1. It’s called “paying one’s debt to society.” I have no intense objection to allowing convicted felons to vote once they have served their sentences. I also have no intense objection to banning convicted felons from voting for life. In 2018, Florida’s voters decided to end the disenfranchisement of those convicted of felonies, except for murder and sexual offenses. Then the battle became whether convicted felons should be required to pay all the fines related to their crimes before they became eligible to vote again.
Well, of course. Isn’t that intrinsically obvious? You can vote when you have paid society’s requirements as a punishment for the felony: whether that is time in prison, or time on probation, or a cash fine, it’s all part of the “debt to society.” Pay that debt, and then you can vote.

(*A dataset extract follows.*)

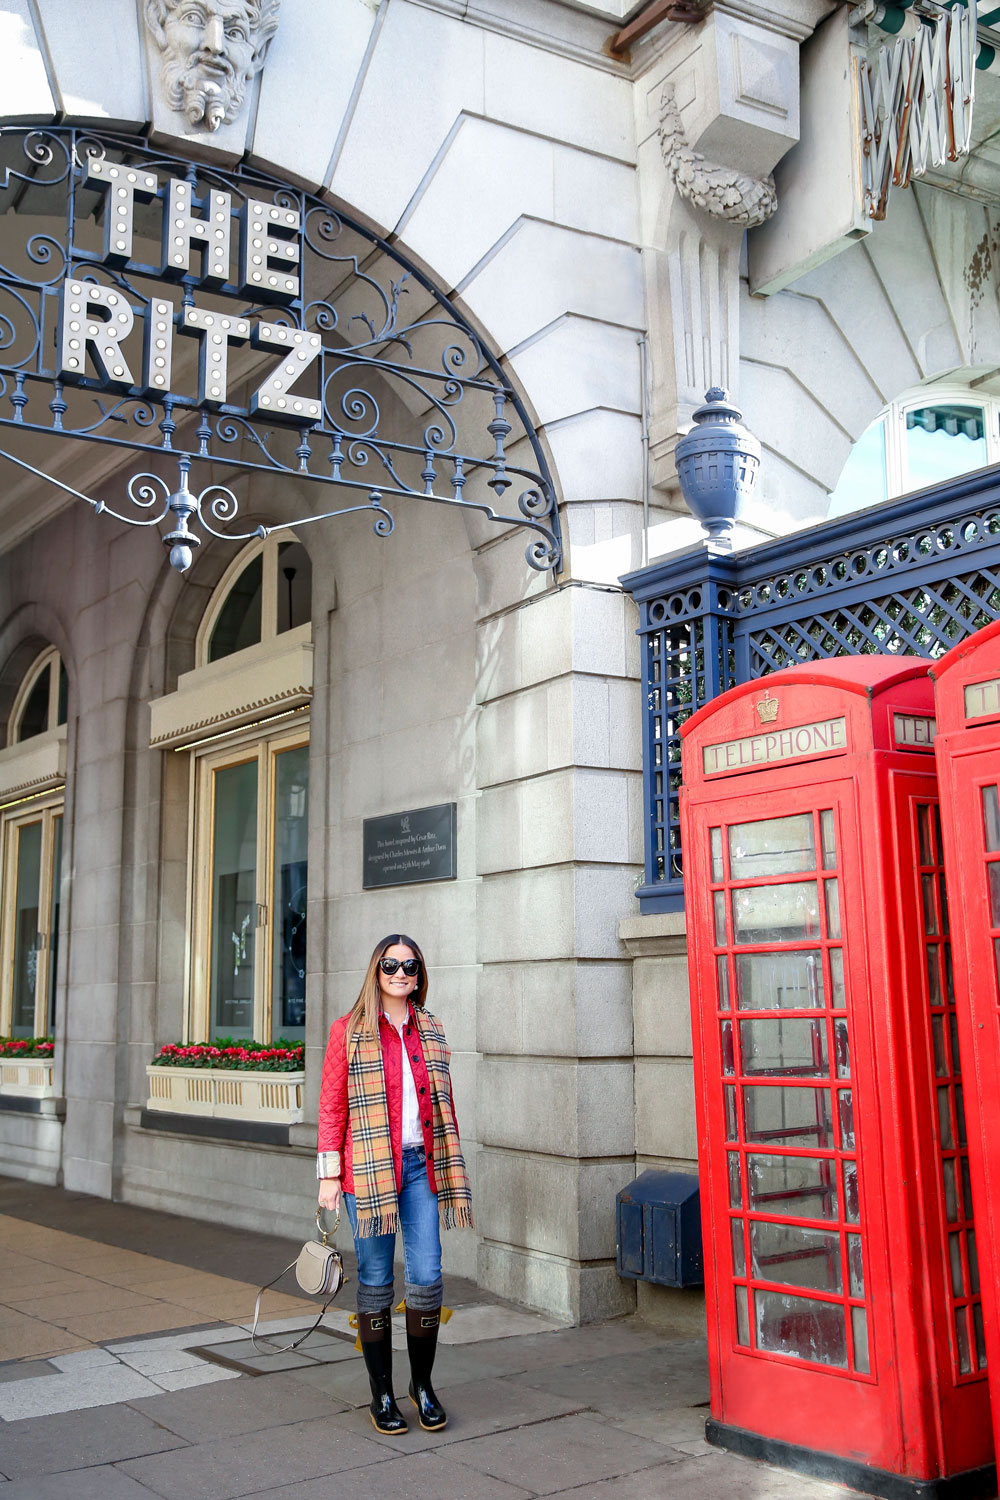 Ritz London Red Phone Box

But Democrats are expert in representing legitimate requirements and safeguards for voting as sinister voting suppression schemes, so in May a Florida court ruled that requiring convicted felons, many of whom are indigent, to pay court-ordered fines before they could regain the vote was unlawful discrimination, by imposing an unconstitutional “pay-to-vote system.”
What an astoundingly deceitful and dishonest argument! Is requiring people to pay for their groceries a vicious “pay not to starve to death” system? The fines have nothing to do with voting. The fines have to do with completing the punishment for the felonies. Calling the fines the equivalent of a poll tax is clever but deliberately misleading, yet a court bought it. Fortunately, the U.S. Court of Appeals for the 11th Circuit in Atlanta overturned that decision, and ruled that the 2019 Florida law requiring ex-felons to pay their fines before being re-enfranchised was indeed constitutional.